Context
- South Korean scientists have been able to produce heat of 100 million Celsius for a record period of 48 seconds through the Artificial Sun.
About
- The Korea Institute of Fusion Energy’s (KFE) Korea Superconducting Tokamak Advanced Research (KSTAR) fusion reactor reached temperatures seven times that of the Sun’s core.
- The temperature of the core of the Sun is 15 million degrees Celsius.
Artificial Sun
- It is a nuclear fusion reactor facility, and it is called an “artificial sun” because it mimics the nuclear fusion reaction that powers the real sun – which uses hydrogen and deuterium gases as fuel.
- Scientists generally use a donut-shaped reactor called a tokamak in which hydrogen variants are heated to extraordinarily high temperatures to create a plasma.
What is Nuclear Fusion?
- Nuclear fusion is the process by which two light atomic nuclei combine to form a single heavier one while releasing massive amounts of energy.
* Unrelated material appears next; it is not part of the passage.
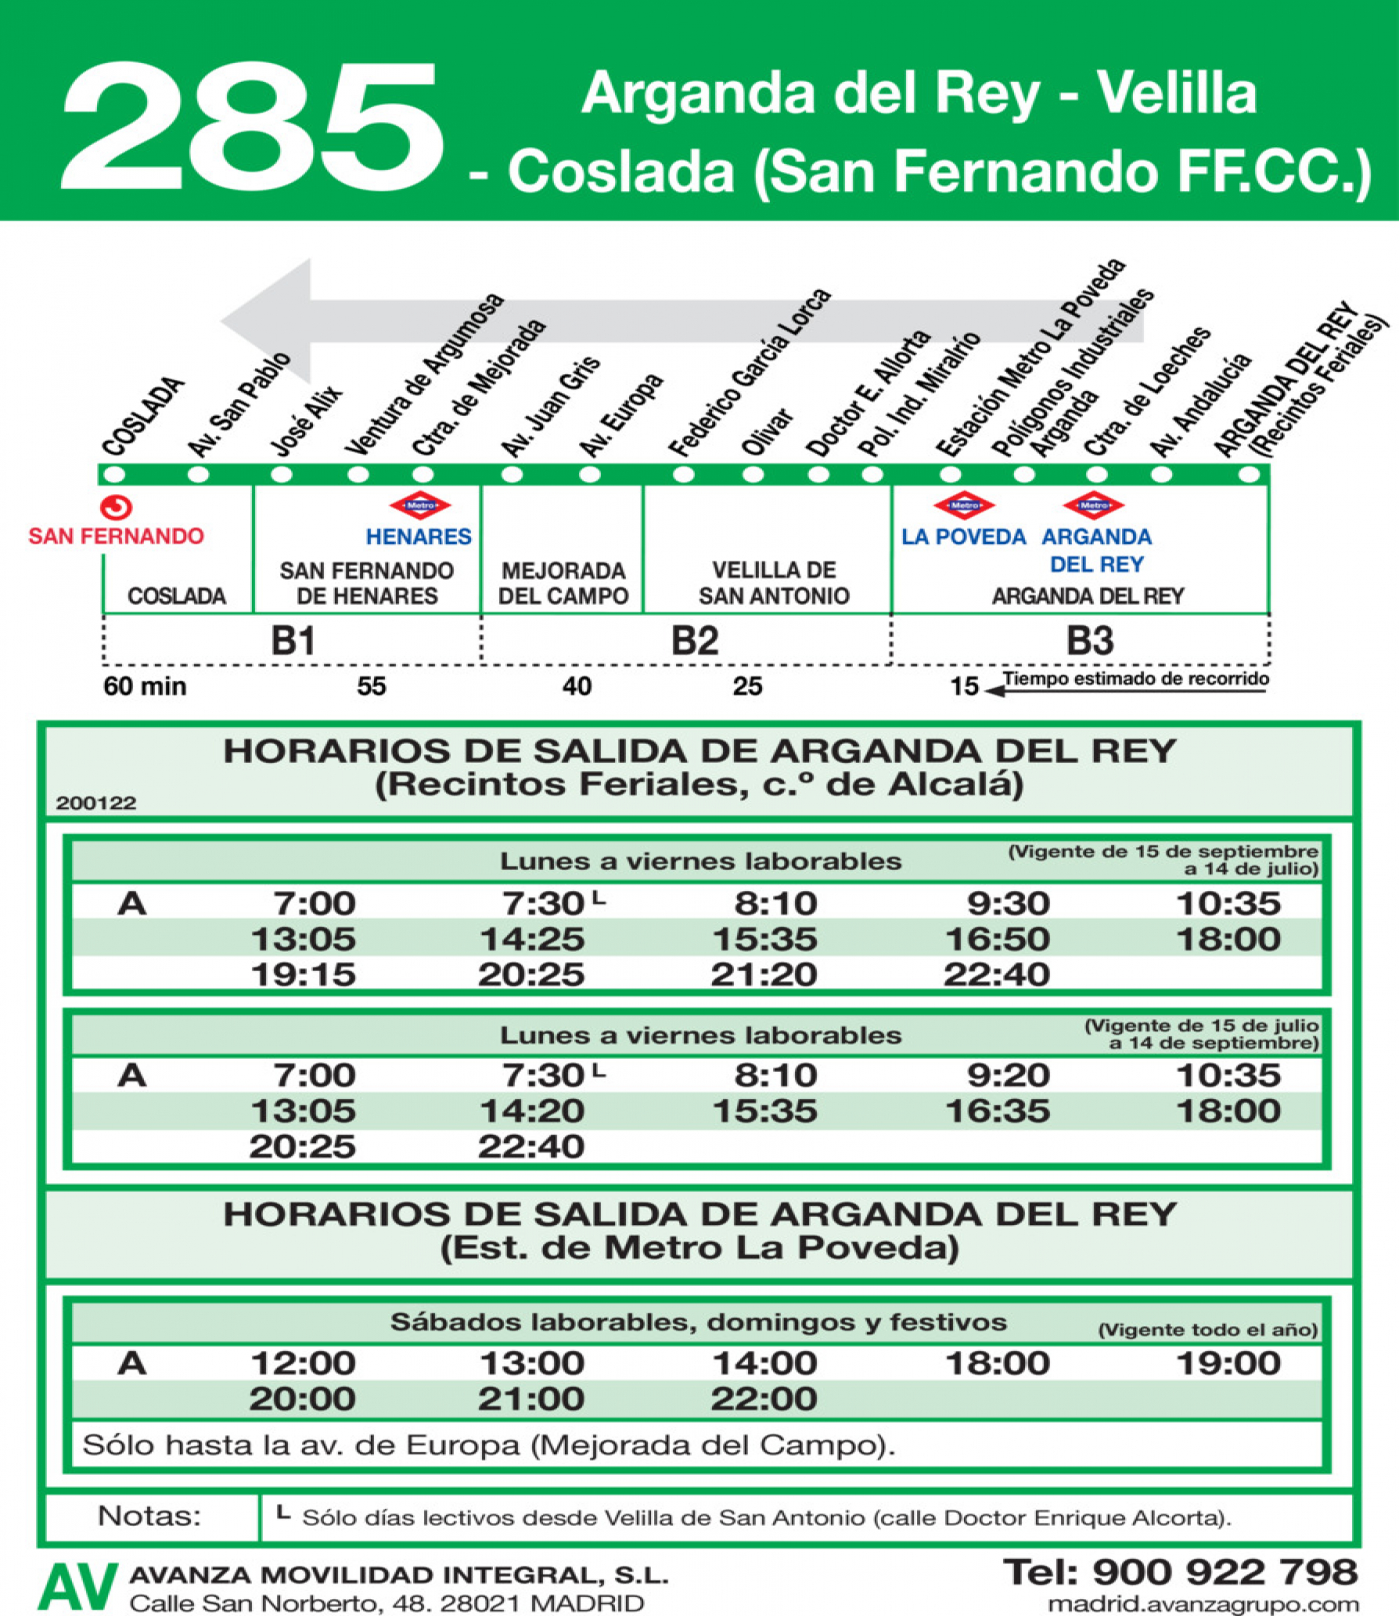 Tabla de horarios y frecuencias de paso en sentido vuelta Línea 285: Coslada (San Fernando RENFE) - Velilla - Arganda del Rey

- Fusion reactions take place in a state of matter called plasma — a hot, charged gas made of positive ions and free-moving electrons with unique properties distinct from solids, liquids, or gases.
- The sun, along with all other stars, is powered by this reaction.
- Process: The Deuterium (H-2) and Tritium (H-3) atoms are combined to form Helium (He-4). A free and fast neutron is also released as a result.
- The neutron is powered by the kinetic energy converted from the ‘extra’ mass left over after the combination of lighter nuclei of deuterium and tritium occurs.
Significance of Fusion energy?
- Clean Energy: Nuclear fusion — just like fission — does not emit carbon dioxide or other greenhouse gases into the atmosphere, so it could be a long-term source of low-carbon electricity from the second half of this century onwards.
- More Efficient: Fusion could generate four times more energy per kilogram of fuel than fission (used in nuclear power plants) and nearly four million times more energy than burning oil or coal.
- Fusion fuel is plentiful and easily accessible: Deuterium can be extracted inexpensively from seawater, and tritium can potentially be produced from the reaction of fusion-generated neutrons with naturally abundant lithium.
- These fuel supplies would last for millions of years.
- Safer to Use: Future fusion reactors are also intrinsically safe and are not expected to produce high activity or long-lived nuclear waste.
- Furthermore, as the fusion process is difficult to start and maintain, there is no risk of a runaway reaction and meltdown.